Source: Vanguard
As a mother do you still enjoy the act of breastfeeding? Nothing can beat that feeling that you breast fed your own baby. From experience, breast feeding promotes bonding between you and your baby.
While breast feeding your baby, you tend to hold the baby and there is no more comforting feeling for an infant of any age than being held close and cuddled while being breastfed. Many premature babies are more likely to die if they are not held or stroked.
Breast milk has been established as a unique nutritional source that cannot adequately be replaced by any other food.
Alas, it is like so many Nigerian mothers seem to have forgotten the real essence of breast feeding which is as old as the existence of man himself.
Going by recent findings, exclusive breast feeding rate in Nigeria has fallen as to as low as 15 percent.
Many mothers are said to have chosen to keep their breast for their man than their baby who needs it for survival. Some claimed that breast feeding their babies will affect the shape of their breasts and may no longer be attractive to their man. Studies also show that breast feeding has nothing to do with the breast sagging. It has also been proven that whether a woman breast feeds or not, whether a woman gets pregnant or not, a time shall come in the woman's life when her breasts will become slack due to ageing.

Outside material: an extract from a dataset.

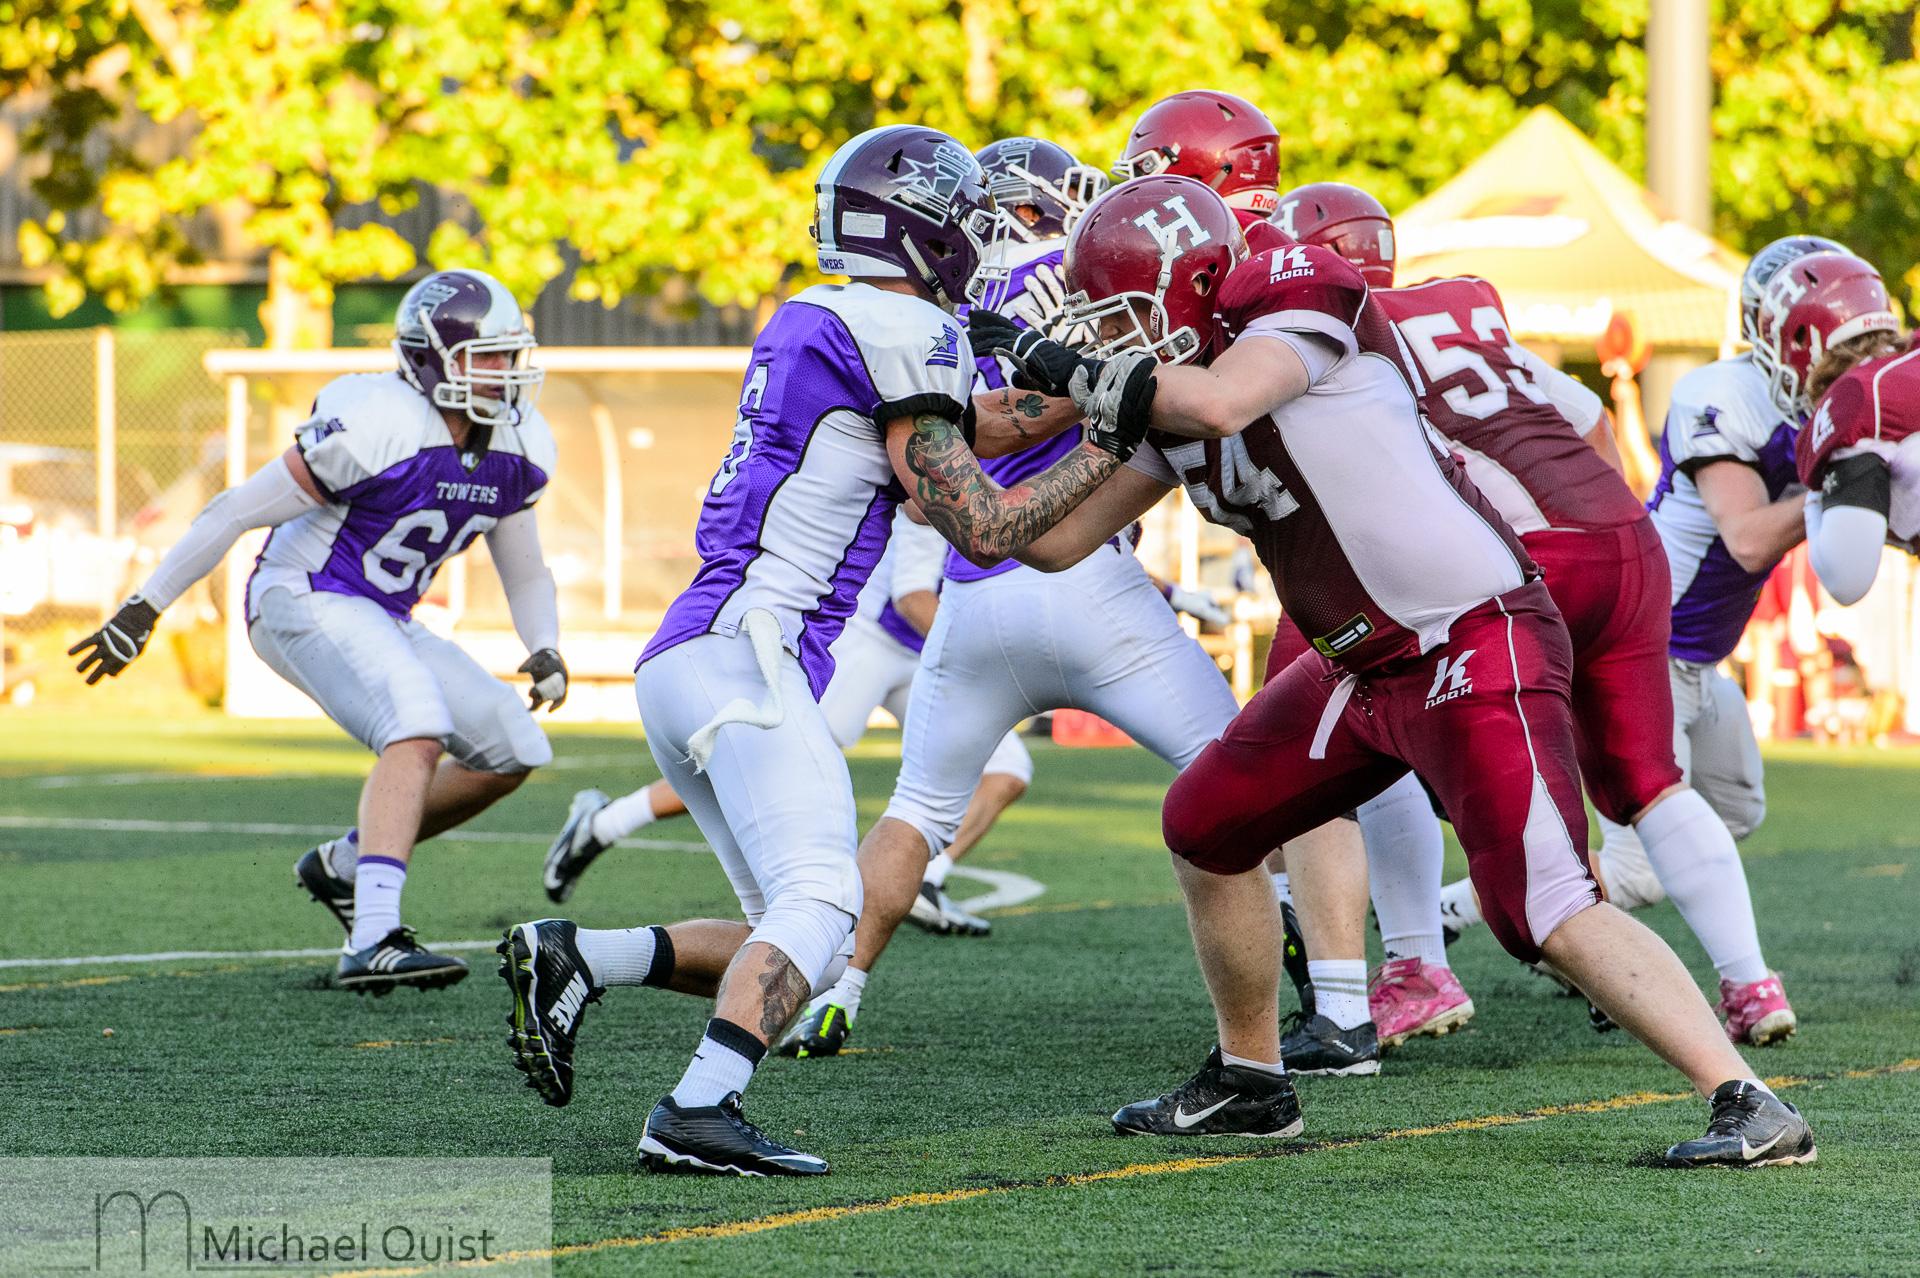 Junior-Bowl-2015-Copenhagen-Towers-vs-Herlev-Rebels-61

Between the baby and father, who actually needs this breast? There are hard facts that the man only use the breast as an object of romance, unlike the baby who utilises the breast for survival.

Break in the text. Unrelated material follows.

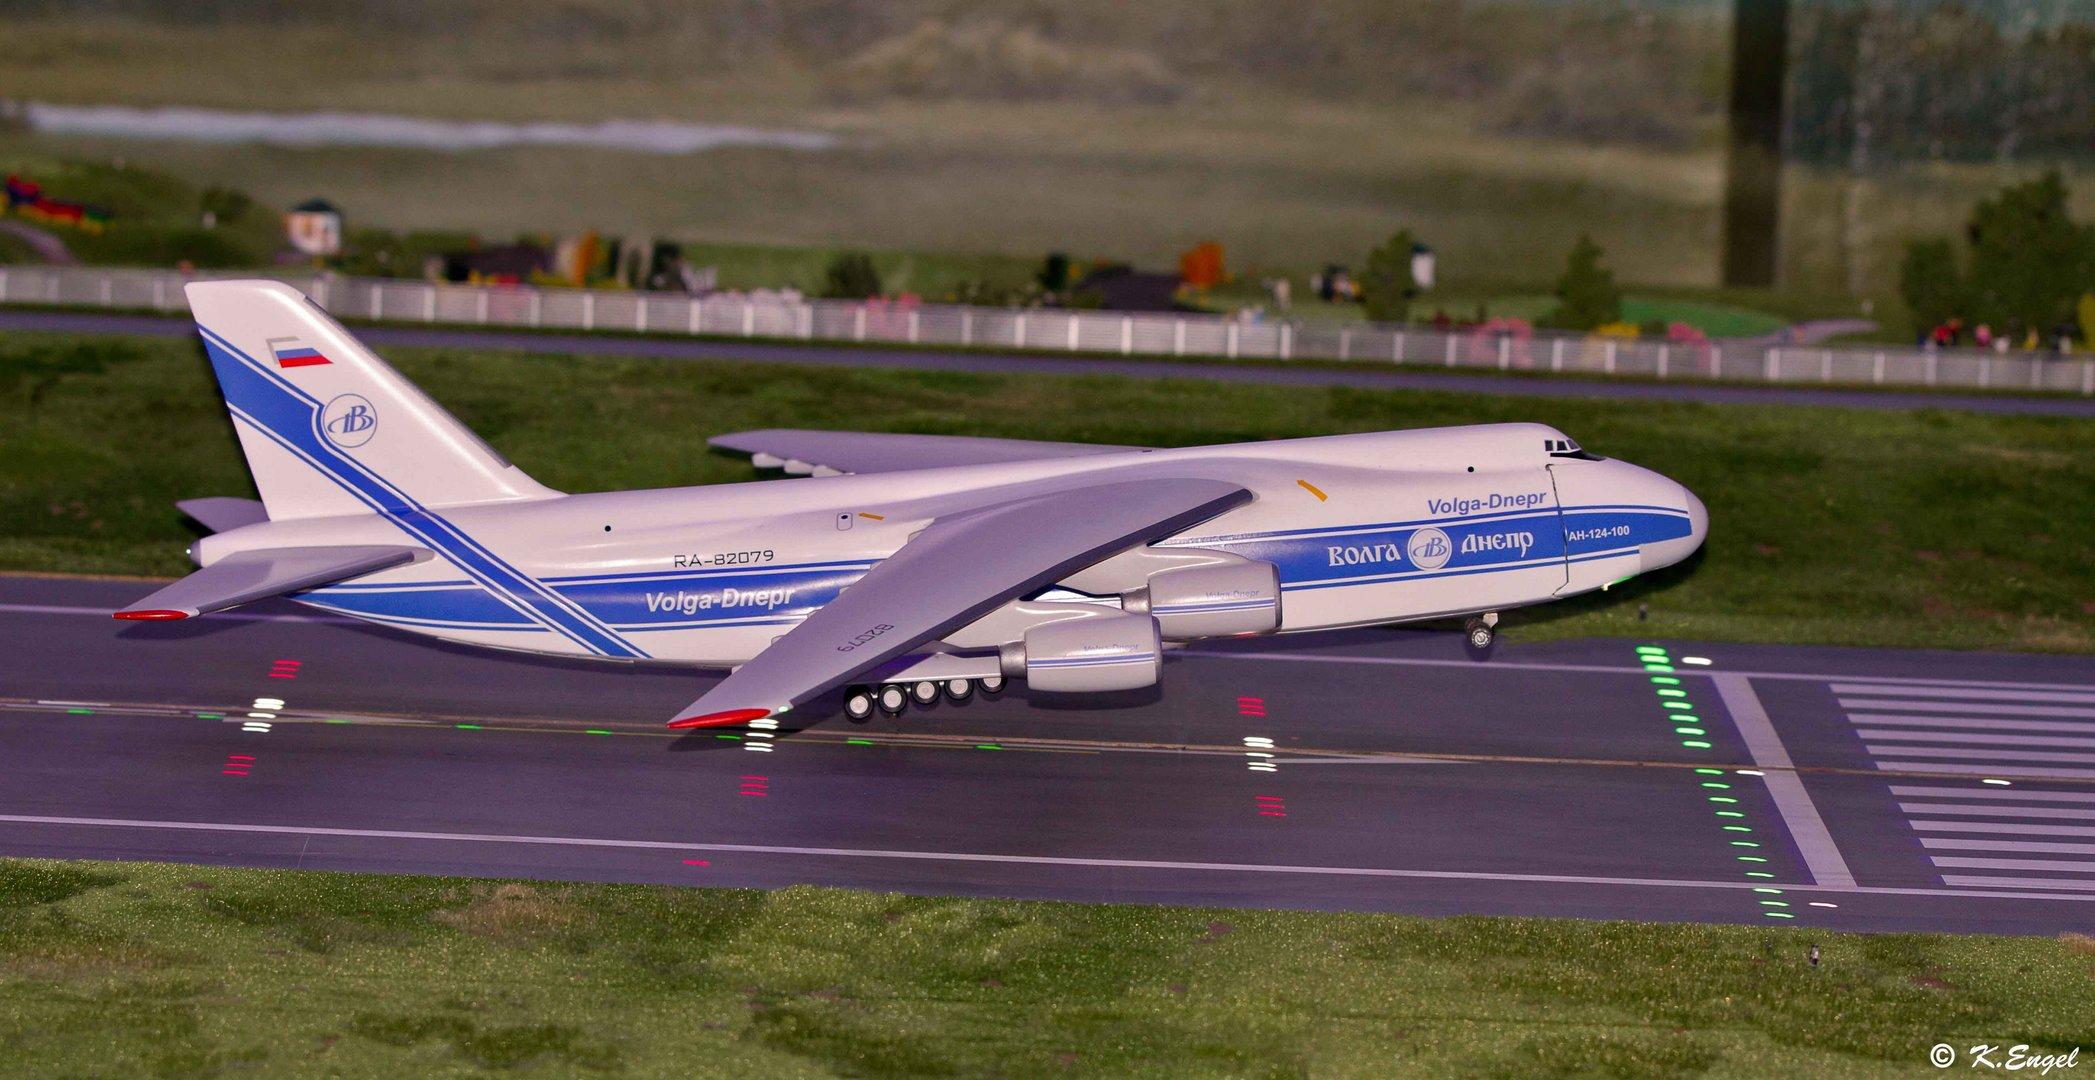 Landung in Knuffingen Airport

Evidence abounds that breast milk itself is the gold in infant nutrition for a newborn as it possesses anti-infective properties that help to protect infants against diseases. Breastfeeding has been declared an unequaled way of providing ideal food for the health, growth and the development of infants as well as been a unique biological and emotional basis for the health of both mother and child.
Studies have shown that women who were formula-fed as infants have higher rates of breast cancer as adults.

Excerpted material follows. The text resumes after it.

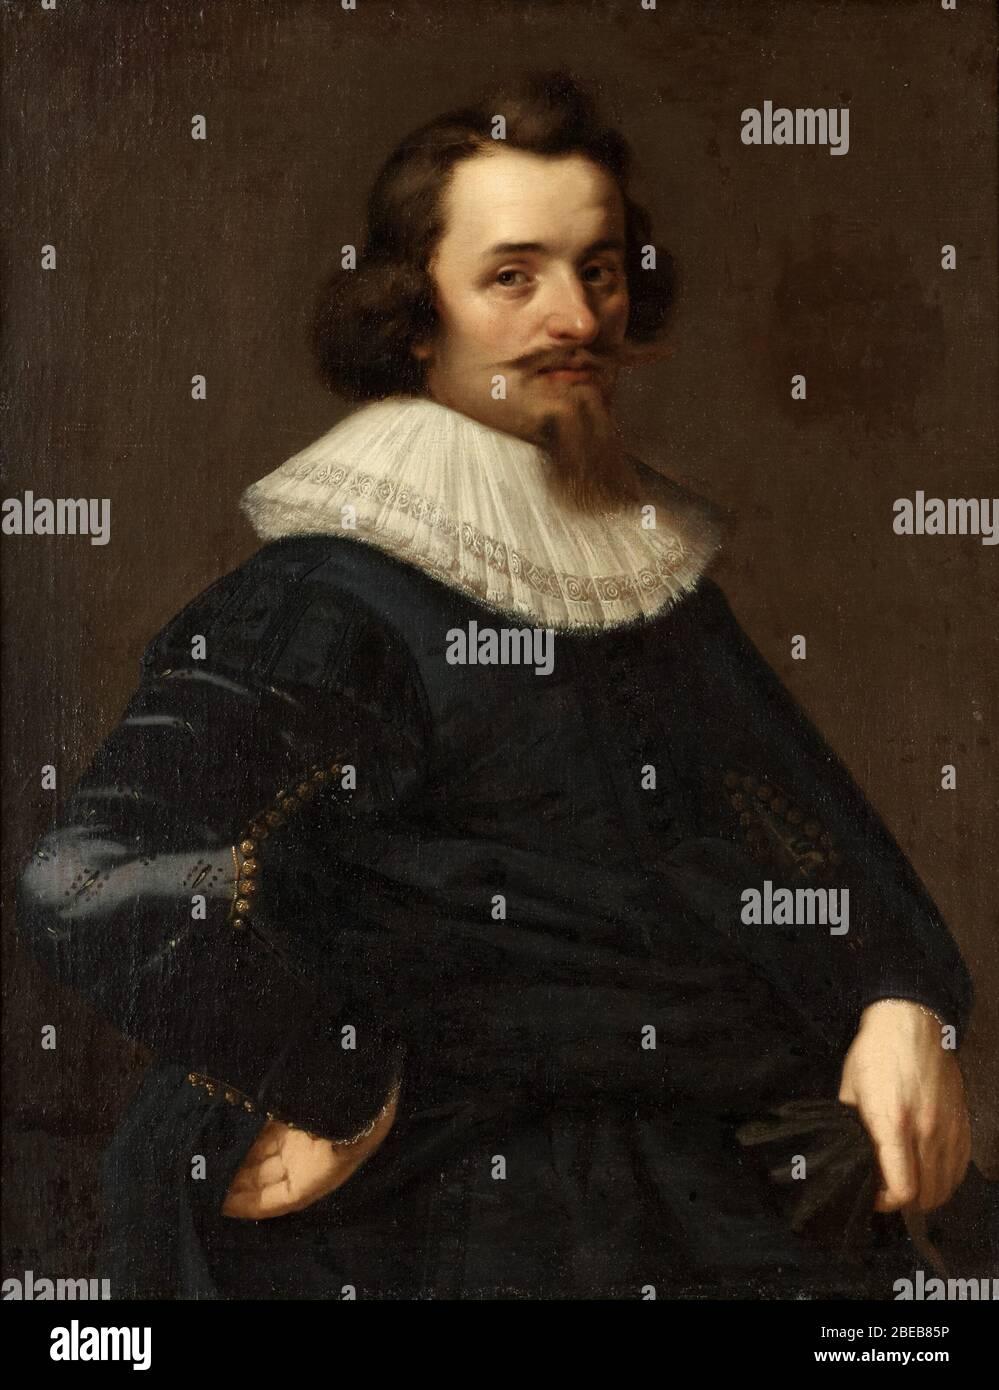 'Español: Barón Karl Gustafsson Banér (1598-1632)Svenska: Friherre Karl Gustafsson Banér (1598-1632); fecha del siglo XVII QS:P571,+1650-00-00T00:00:00Z/7; ' Foto de stock

For both premenopausal and postmenopausal breast cancer, women who were breastfed as children, even if only for a short time, had a 25 percent lower risk of developing breast cancer than women.
Again, not breast feeding increases risk of cancer in women. But if all women who do not breastfeed or who breastfeed for less than three months were to do so for 4 to 12 months, breast cancer among parous premenopausal women could be reduced by 11 percent, judging from current rates. This reduction would be even greater among women who first lactate at an early age.
Studies indicate that breastfeeding helps improve mothers' health, as well as their children's.
A woman grows both physically and emotionally from the relationship she forms with her baby. Just as a woman's breast milk is designed specifically to nourish the body of an infant, the production and delivery of this milk aids her own health.
For example, breastfeeding helps a woman to lose weight after birth. It releases a hormone (oxytocin) that causes the uterus to return to its normal size more quickly.
When a woman gives birth and proceeds to nurse her baby, she protects herself from pregnancy again too soon, a form of birth control found to be 98 percent. Breastfeeding reduces the mother's risk of osteoporosis in later years.
Diabetic women improve their health by breastfeeding. Women who lactate for two or more years reduce chances of developing breast cancer by 24 percent.